Which Clawpack solver should I use?

Clawpack includes a number of related hyperbolic PDE solvers:

All of them are built on common algorithmic ideas, make use of the same set of Riemann solvers, and can be used with VisClaw for visualization. If you’re not sure which solver to use, here you will find the main differences between them.

Installation and user interface

The AMRClaw, GeoClaw, and Classic solvers are Fortran-based packages and rely on Makefiles and environment variables. Problems are specified partially through Python scripts at run time (setrun.py) and partially through custom Fortran code at compile time (to set initial conditions, for instance).

With PyClaw, problems are specified entirely at run time through Python script files, or interactively (e.g., in IPython or Jupyter notebooks). Typically, the user does not need to write any Fortran code (though custom routines can be written in Fortran when necessary for performance reasons). PyClaw uses much of the same library of Fortran code, but that code is compiled during installation so that it can be imported dynamically within Python programs.

Algorithmic differences

All of the Clawpack solvers include the classic algorithms described in [LeVeque-FVMHP]; if you only require those, it’s easiest to use Classic or Pyclaw.

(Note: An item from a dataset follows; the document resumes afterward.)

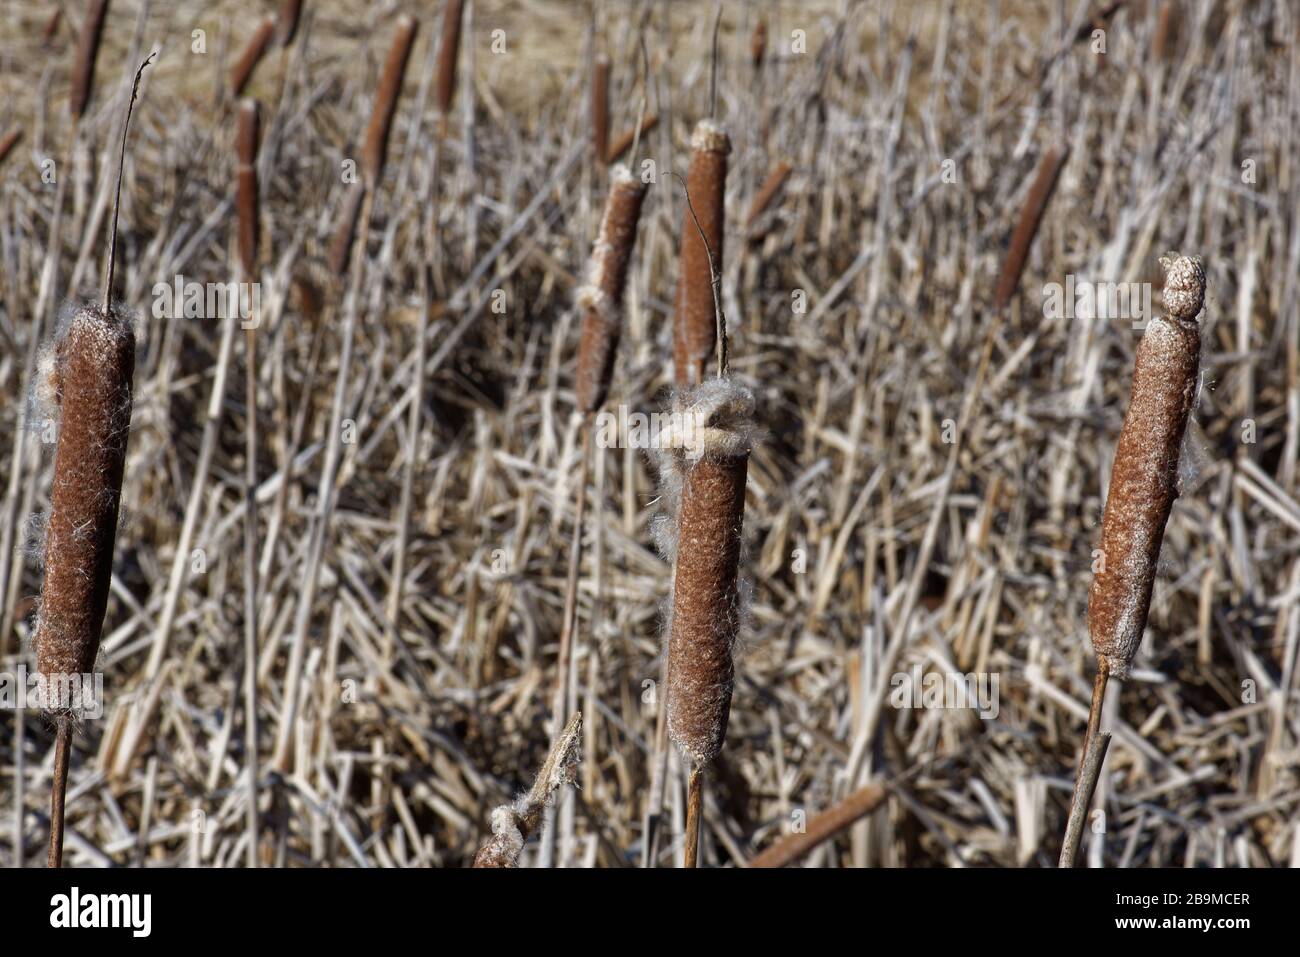 Typha latifolia is a genus of about 30 species of monocotyledonous flowering plants in the family Typhaceae. Stock Photo

Most of the packages contain additional algorithms:

  • AMRClaw includes block-structured adaptive mesh refinement that allows one to use a non-uniform grid that changes in time and uses smaller grid cells in regions with fine structure or where high accuracy is required.

  • GeoClaw Includes the AMR capabilities of AMRClaw and also has a number of special routines and algorithms for handling geophysical problems, including special well-balanced, positivity-preserving shallow water solvers.

  • PyClaw includes the high-order WENO-RK algorithms of SharpClaw, described in [KetParLev13].

Parallel computing

  • AMRClaw, GeoClaw, and Classic can be run in parallel using shared memory via OpenMP.

  • PyClaw can be run in parallel on distributed-memory machines using MPI (through PETSc) and has been shown to scale to tens of thousands of cores.